Robbie Rowlands (born 1968) is a visual artist based in Melbourne, Australia. His work explores notions of stability and vulnerability through the manipulation of objects and environments. His repetitious and precise cuts and the resulting distortions reflect the inescapable passing of time that affects everything around us. Rowlands' works have been described as spotlighting the history, humanity and function of his subjects. His manipulated objects and spaces blur the boundaries between our fabricated world and the natural world.

He is best known for his sculptural interventions into pre-demolition buildings through to utilitarian objects such as urban street poles. Whilst studying at Pratt Institute in 1998 under the guidance of Professor Marsha Pels he explored abandoned areas of Brooklyn creating object and site interventions. These initial explorations have grown a body of work that has explored sites such as a 1950s bus depot, a 1900s wooden Baptist church in Dandenong, Australia through to abandoned buildings in Detroit, USA.

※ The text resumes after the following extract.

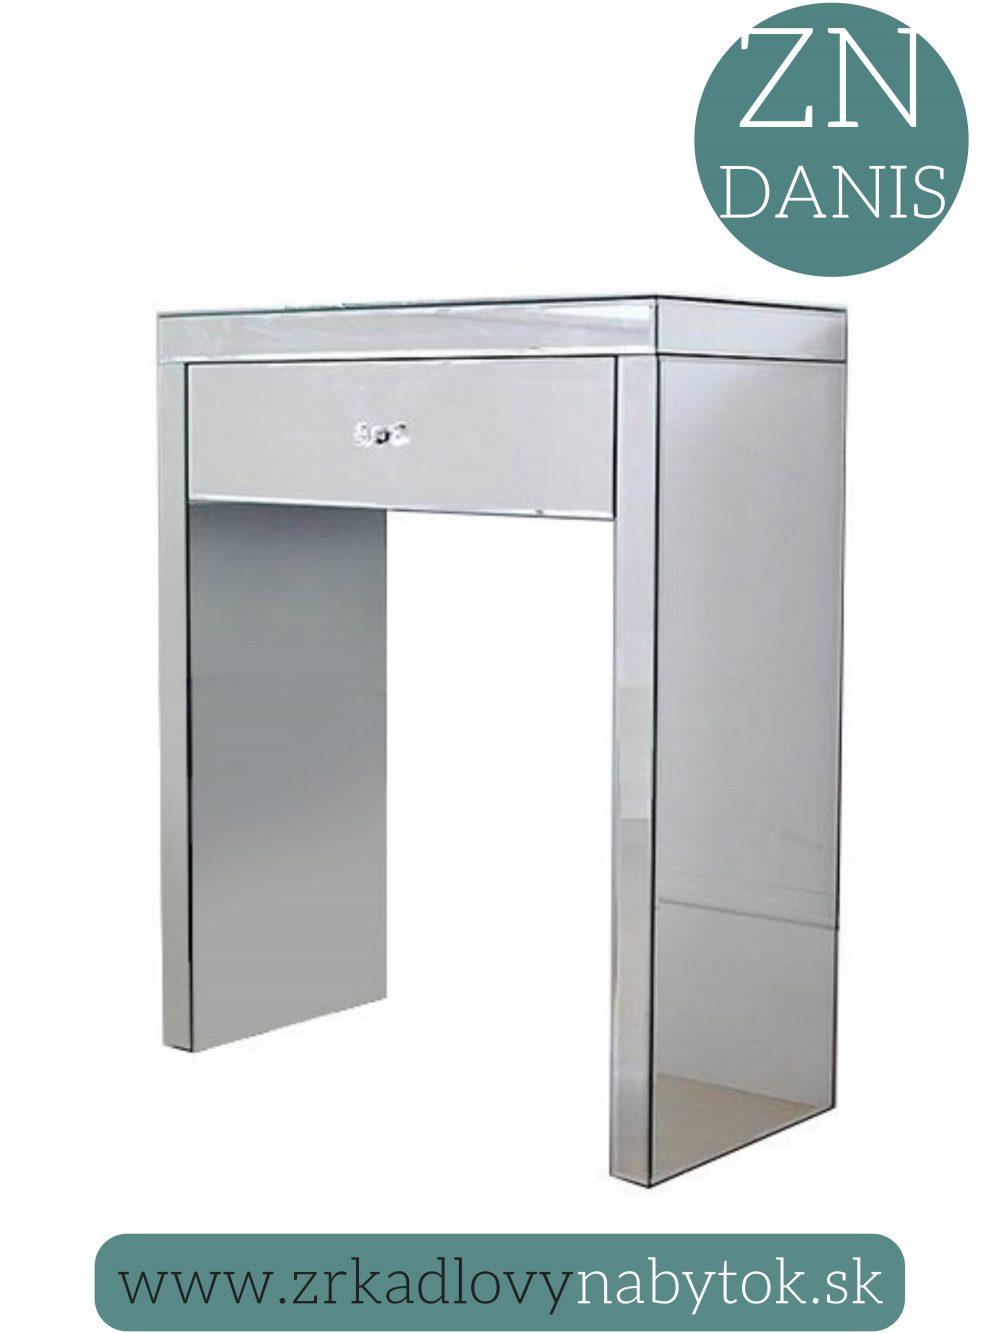 ZNDANIS-196-min

Writer and curator Stuart Koop described the experience of Rowlands work as like removing "skin from a cadaver (or worse a living body) to show the bones – the underlying structure of nails, studs and noggins, insulation, dust, plaster…he attempts no repair, leaving a gaping incision to frame the view of the buildings prone internal structure. He exposes the integrity of tools and fixtures too by severing the key structural member in each case; one side of an A-frame ladder, the bed-frame, the leg of a chair. He cuts that very tendon which keeps a thing straight, strong, effective so that, once cut, it seems to stagger and fall".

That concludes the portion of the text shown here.